— EXERCISE PROMPT —
Using the entries that follow, transcribe only the lines from the line with "Luxwall’s previous logo" to the line with "User-friendly delivery service", both included, exactly as they stand and without pictures.

— DATASET RECORDS —
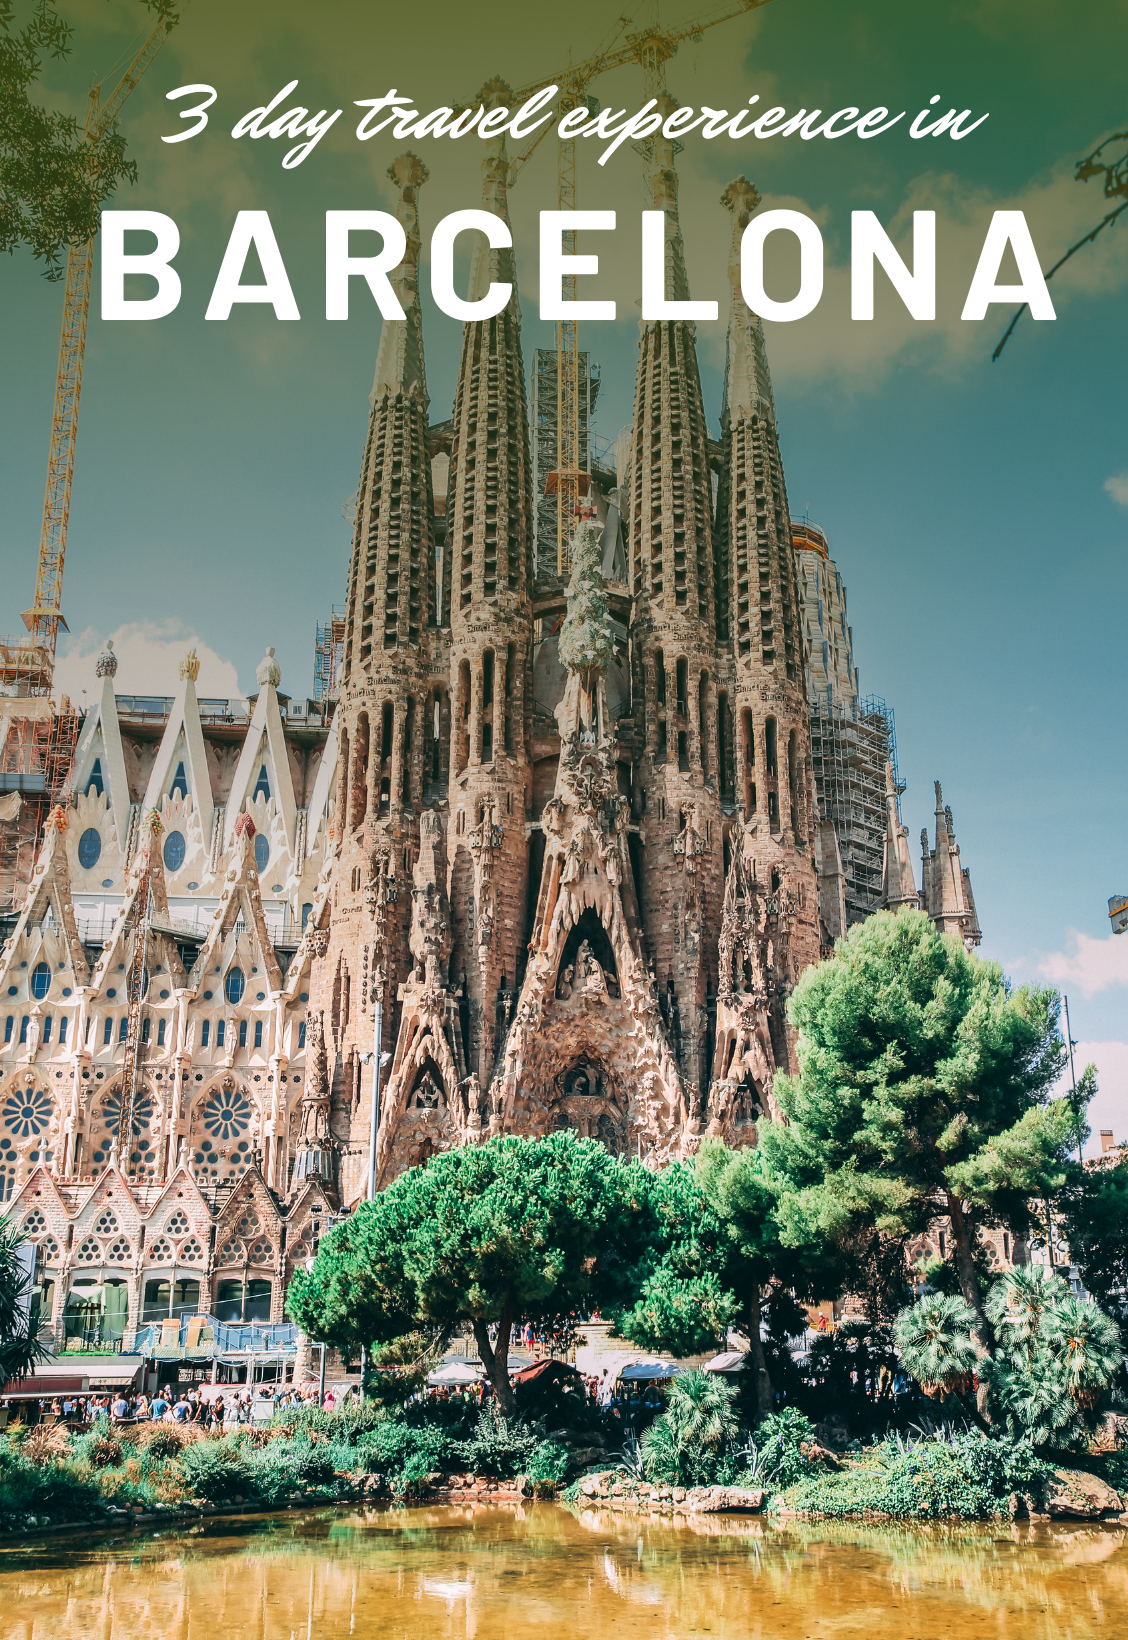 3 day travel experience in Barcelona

...

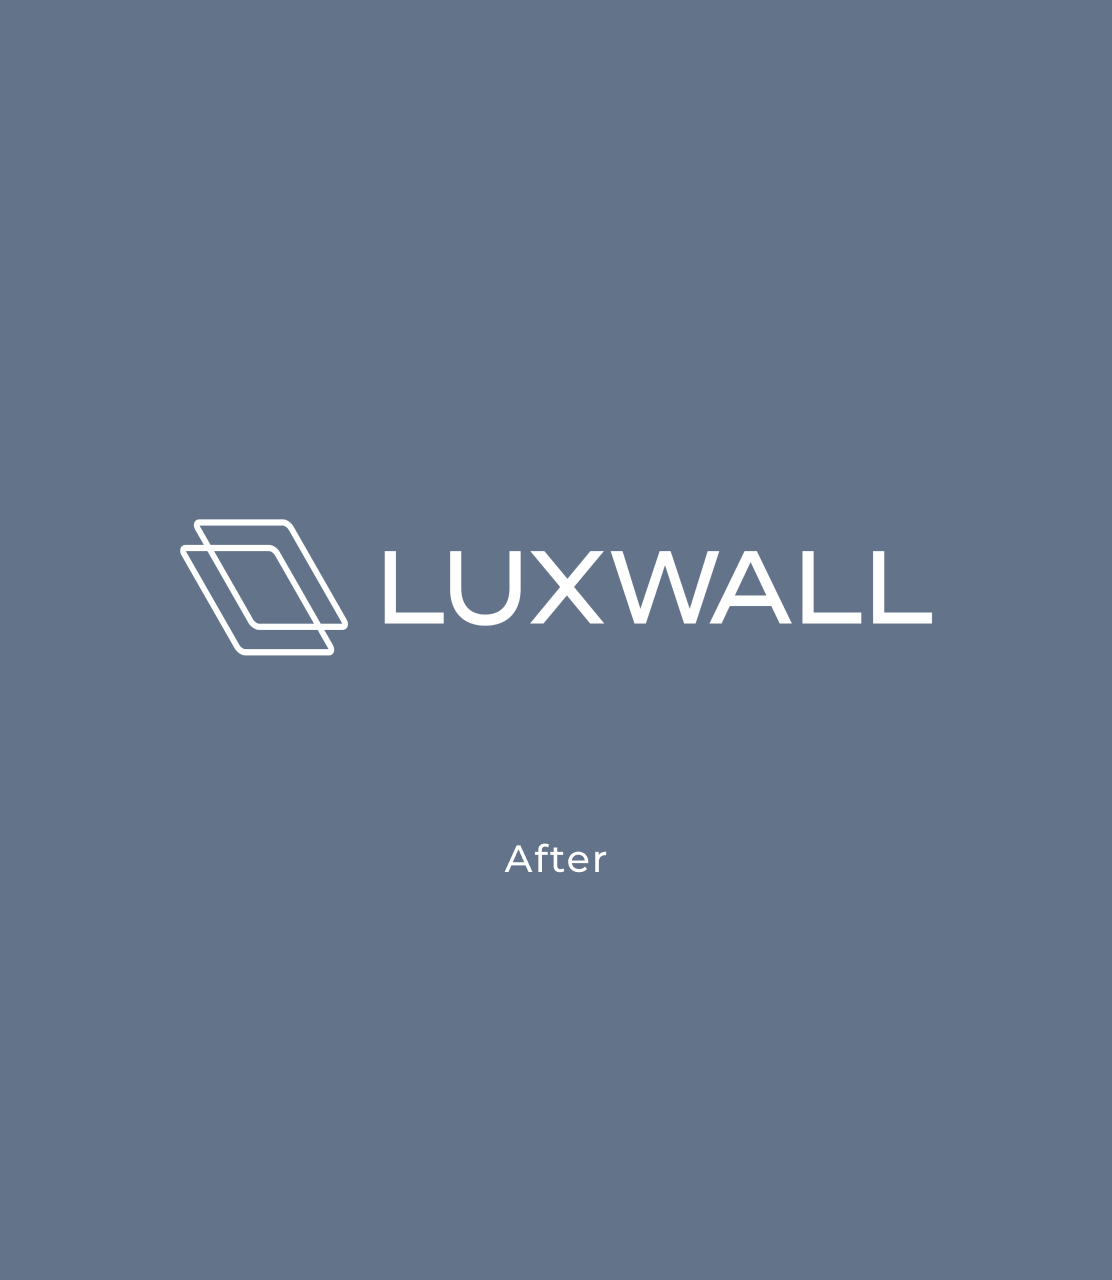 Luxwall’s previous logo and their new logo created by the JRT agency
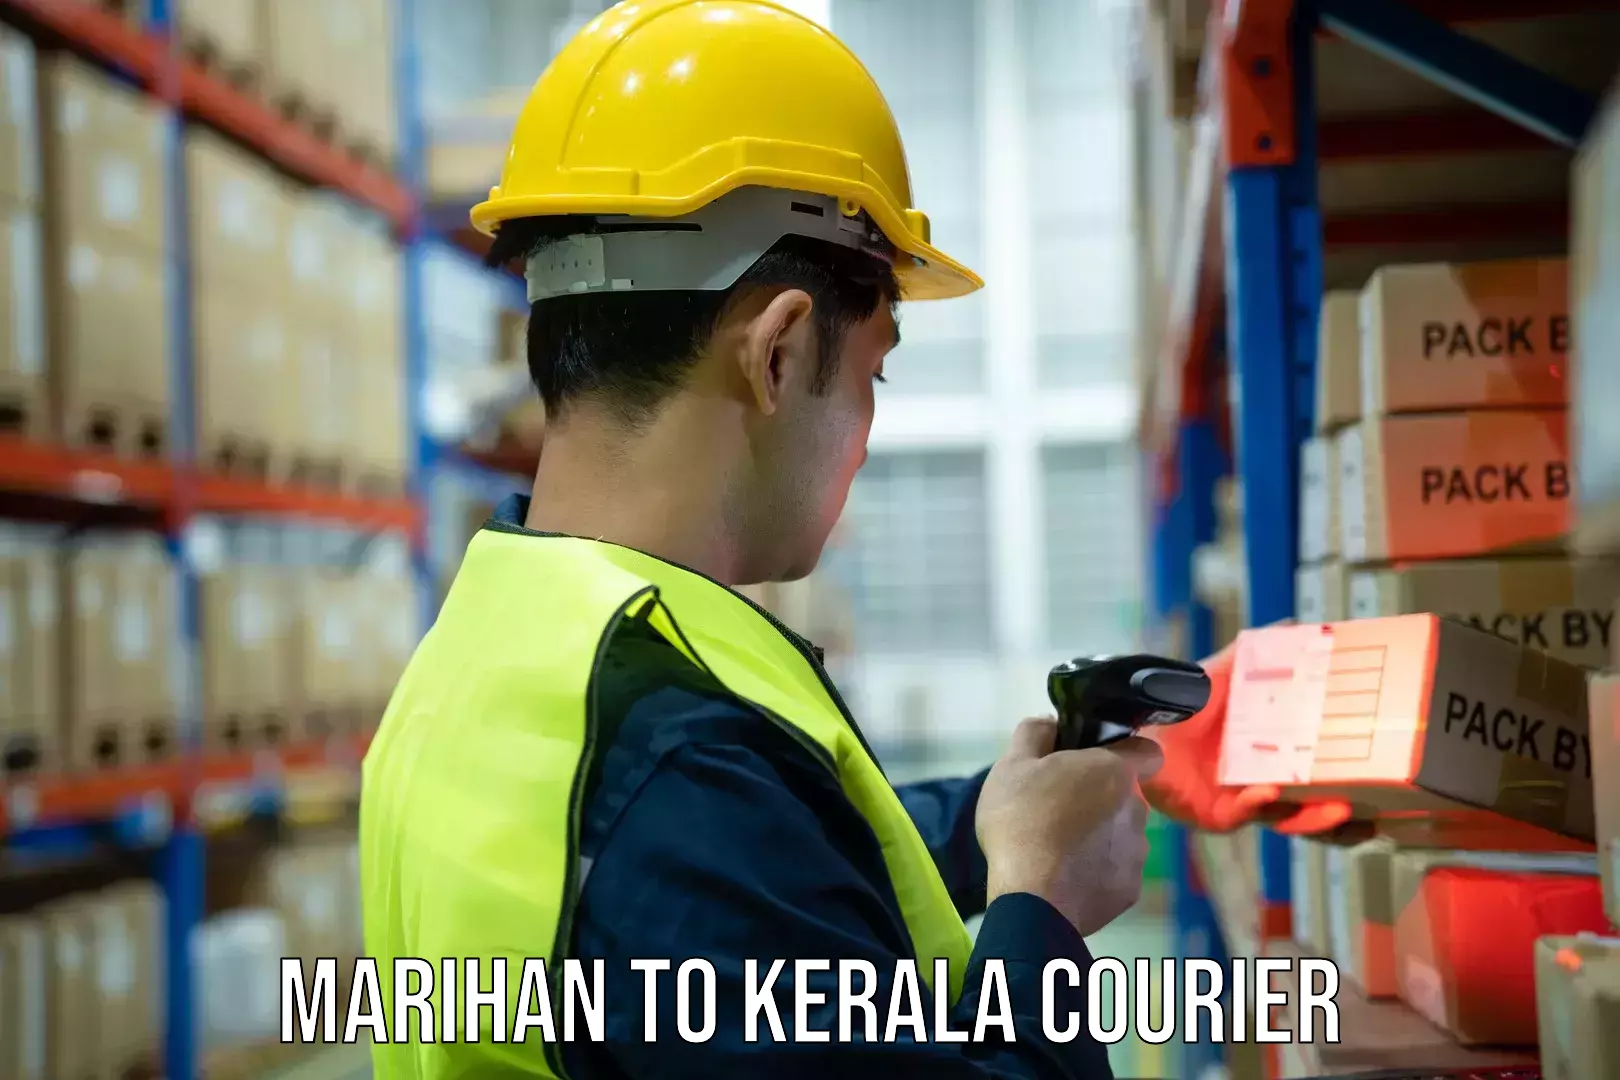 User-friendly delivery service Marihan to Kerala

— RESPONSE TO THIS TASK —
 Luxwall’s previous logo and their new logo created by the JRT agency
 User-friendly delivery service Marihan to Kerala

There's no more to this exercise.